◆ **DATASET SECTION**:
::::
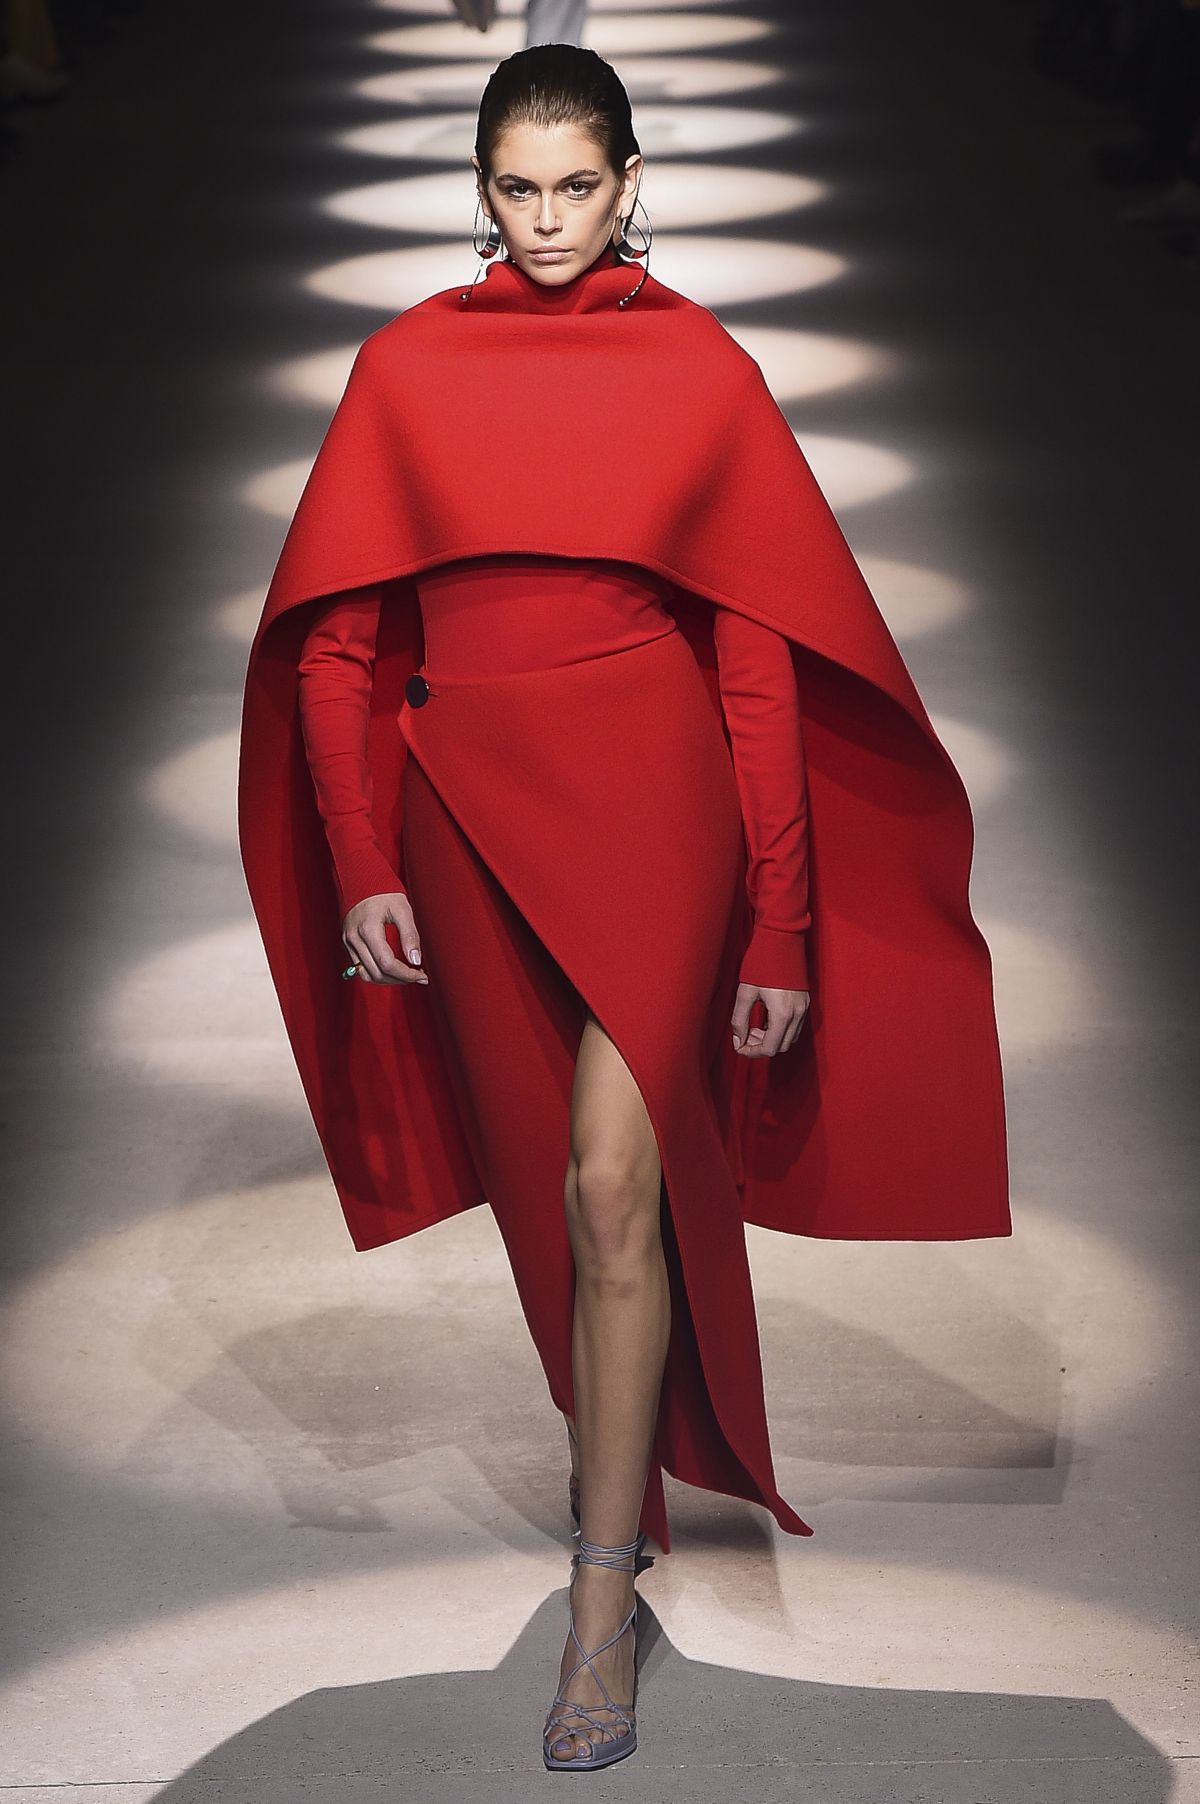 KAIA GERBER at Givenchy Runway Show at Paris Fashion Week 03/01/2020 ...
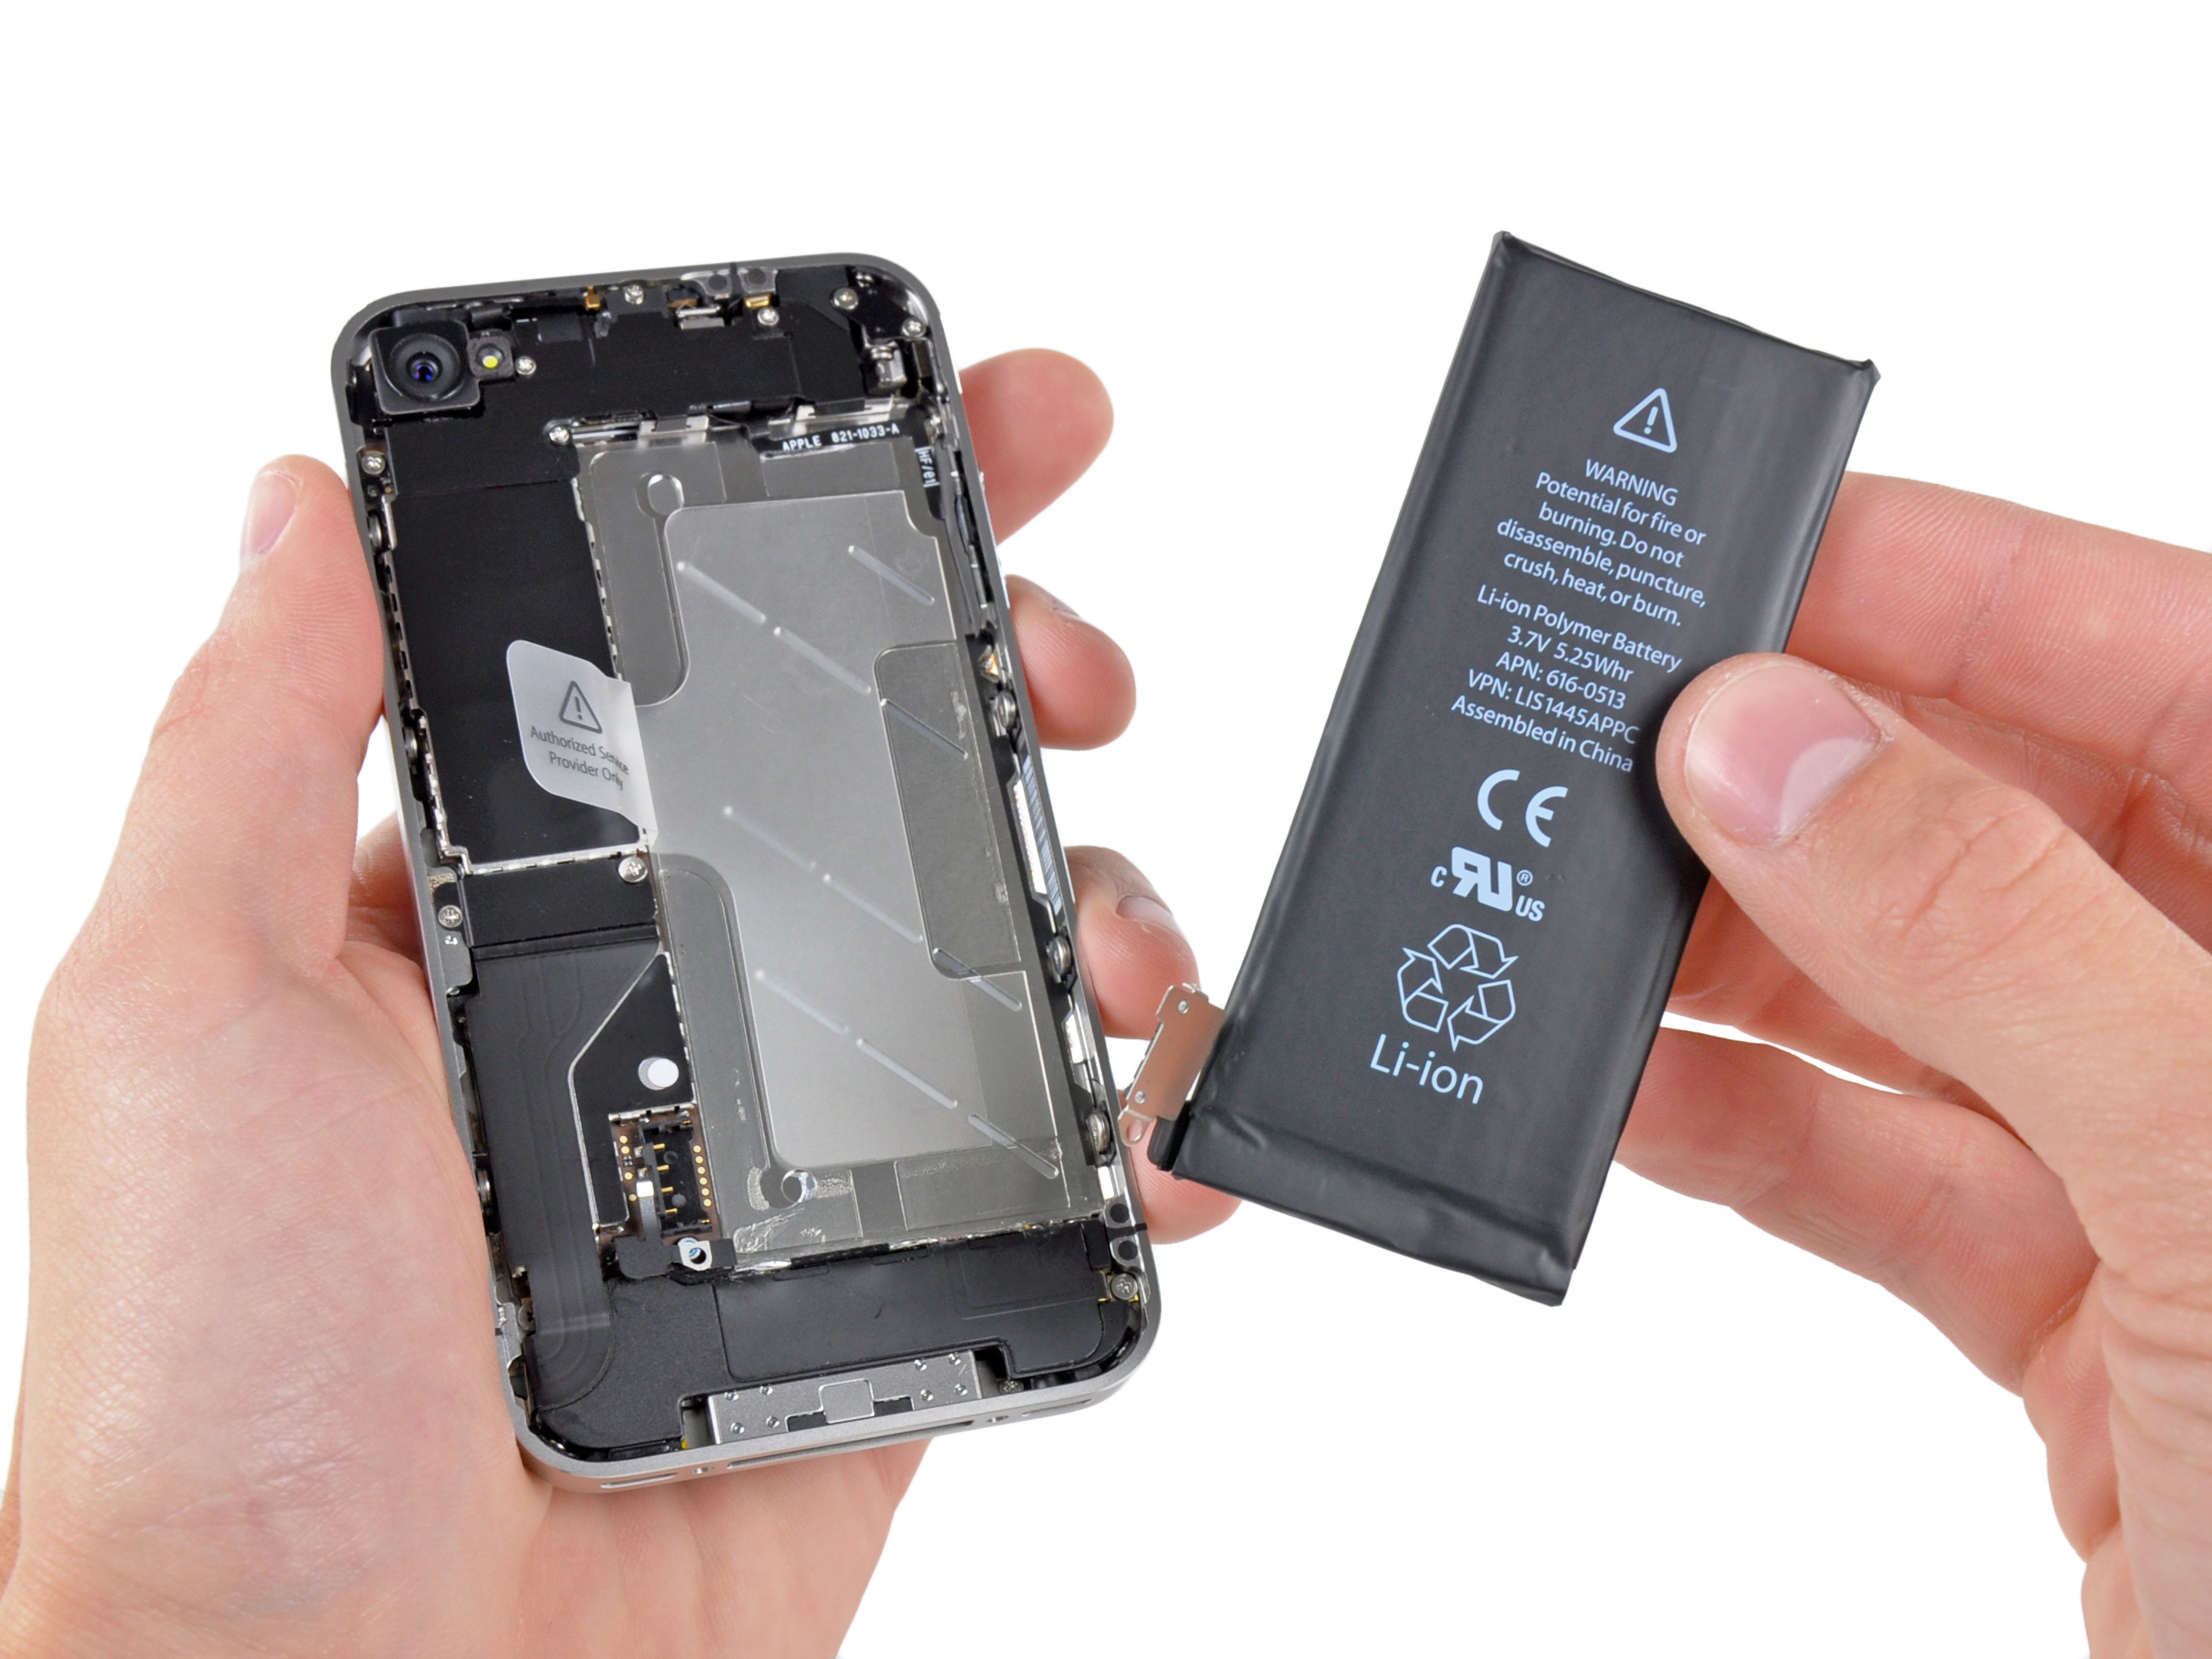 nguon pin ip 4s - iPhone 4S 16GB quốc tế màu trắng
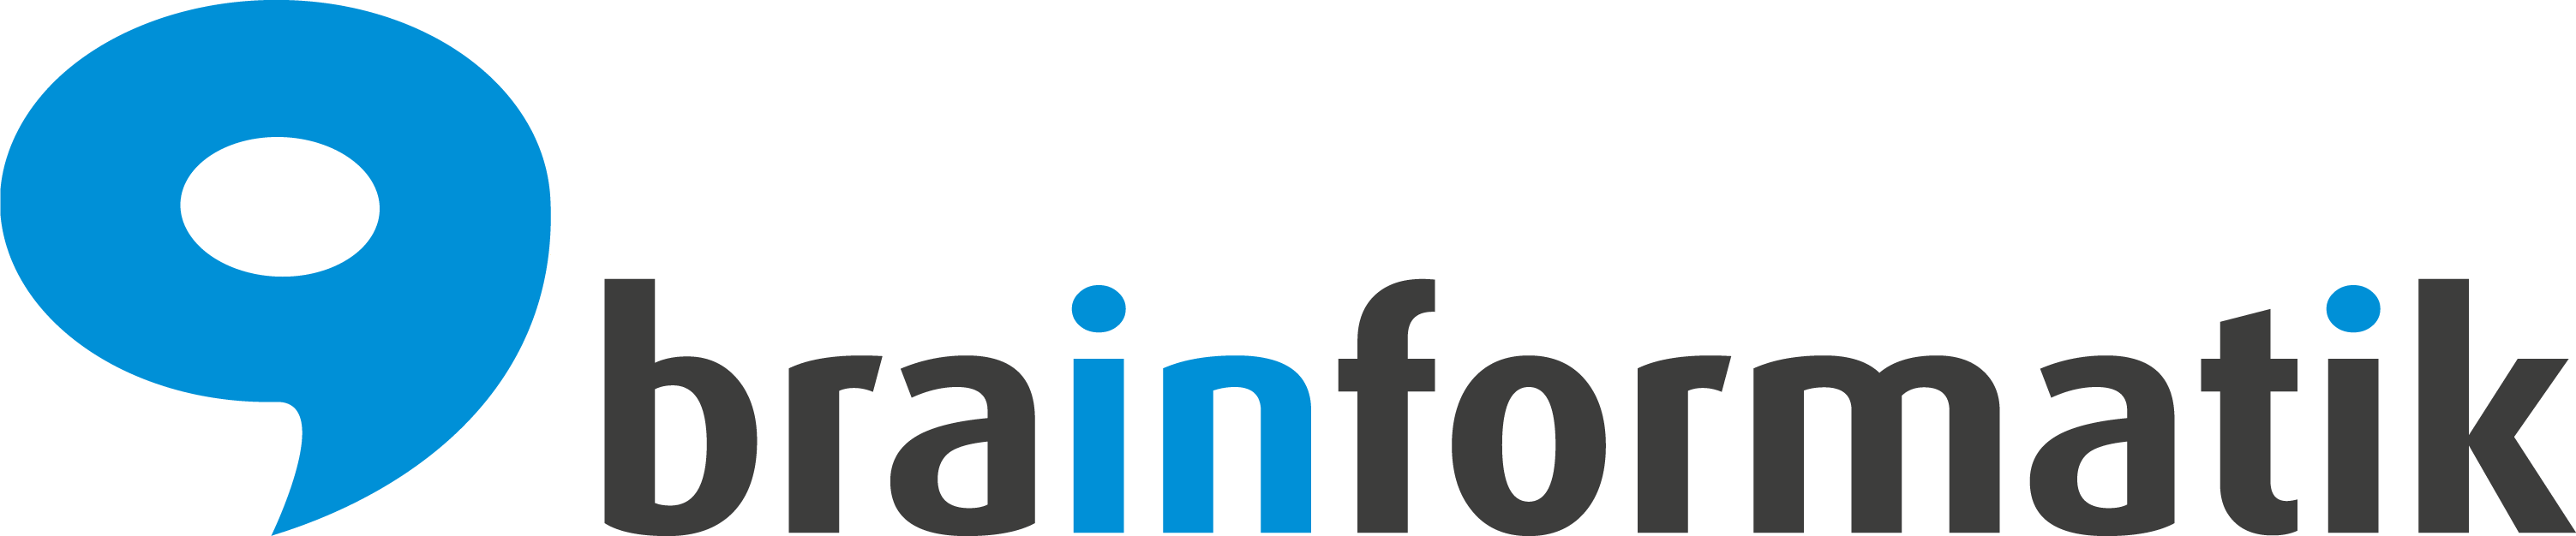 Brainformatik GmbH Logo
::::
◆ **TASK PROMPT**:
Print all data above verbatim, except pictures.

◆ **RESPONSE**:
 KAIA GERBER at Givenchy Runway Show at Paris Fashion Week 03/01/2020 ...
 nguon pin ip 4s - iPhone 4S 16GB quốc tế màu trắng
 Brainformatik GmbH Logo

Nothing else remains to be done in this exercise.